No. Gemini 1.5 Flash is retired. Google deprecated the Gemini 1.5 line and shut the models down in 2025 — gemini-1.5-flash-001 on May 27, 2025, and the gemini-1.5-flash / gemini-1.5-flash-002 alias around September 24-29, 2025. Google recommends migrating to Gemini 2.0 Flash or a newer Gemini Flash model.
What was the context window of Gemini 1.5 Flash?
Gemini 1.5 Flash had a 1-million-token context window (1,048,576 tokens), the same headline long-context capability as Gemini 1.5 Pro. It could take text, images, audio and video interleaved in a single prompt.
How much did Gemini 1.5 Flash cost?
After Google's August 2024 price cut, Gemini 1.5 Flash cost $0.075 per million input tokens and $0.30 per million output tokens for prompts under 128K tokens, with roughly double those rates for longer contexts. It was one of the cheapest capable models of its time. These prices are now historical since the model is retired.
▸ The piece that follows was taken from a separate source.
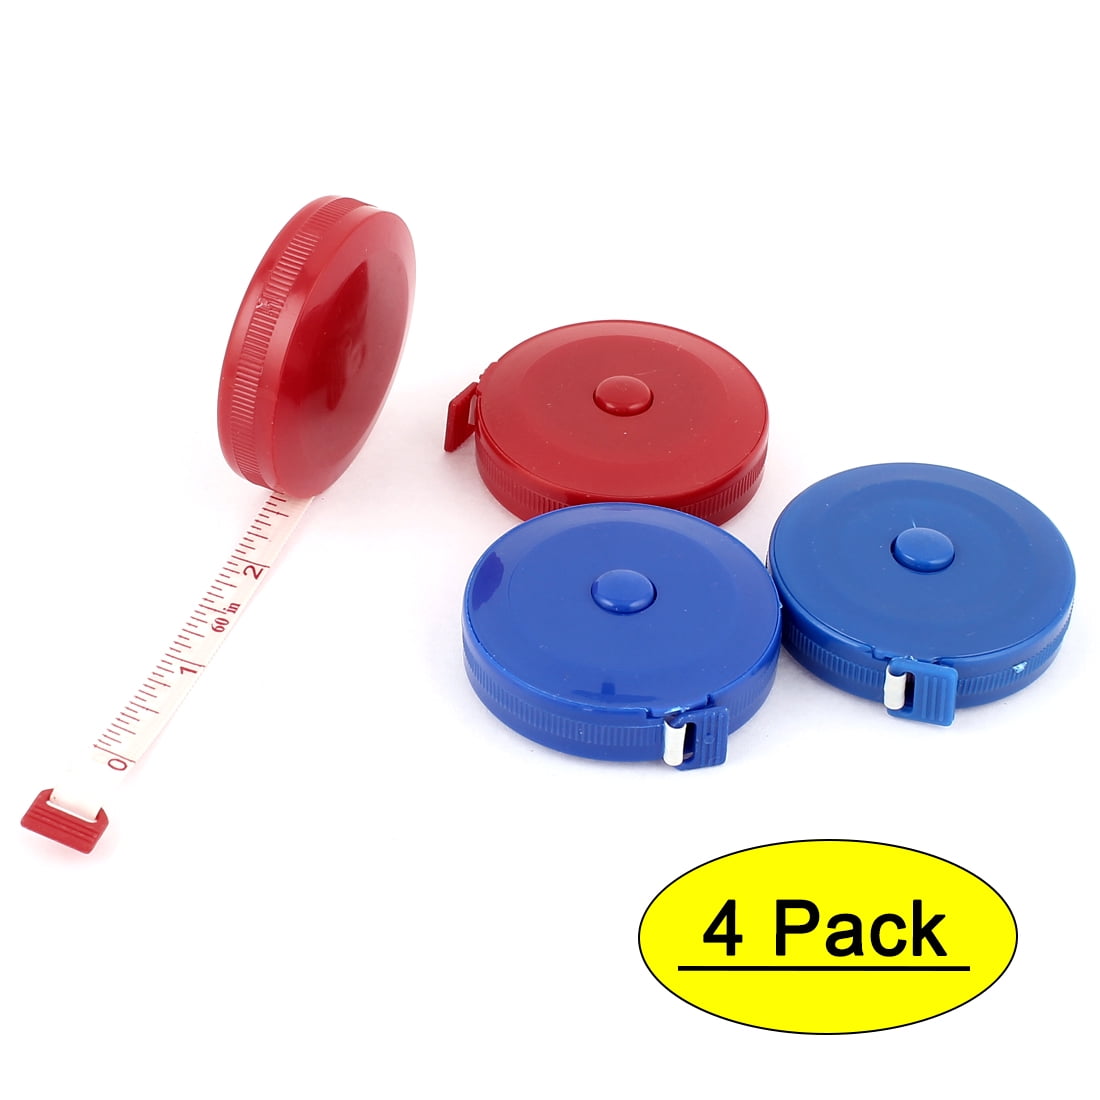 Milisten 2pcs Body Tape Measure Plastic 1.5 Meter Soft Tape Retractable 60-Inch Multifunciton Tape Measuring Tape for Sewing Home

How is Gemini 1.5 Flash different from Gemini 1.5 Pro?
Gemini 1.5 Flash is a transformer decoder model that Google online-distilled from Gemini 1.5 Pro. It keeps the same 1M-token multimodal context but is optimized for lower latency and cheaper, higher-volume serving, trading some peak reasoning quality for speed and cost. Pro was the heavyweight flagship; Flash was the fast, economical sibling.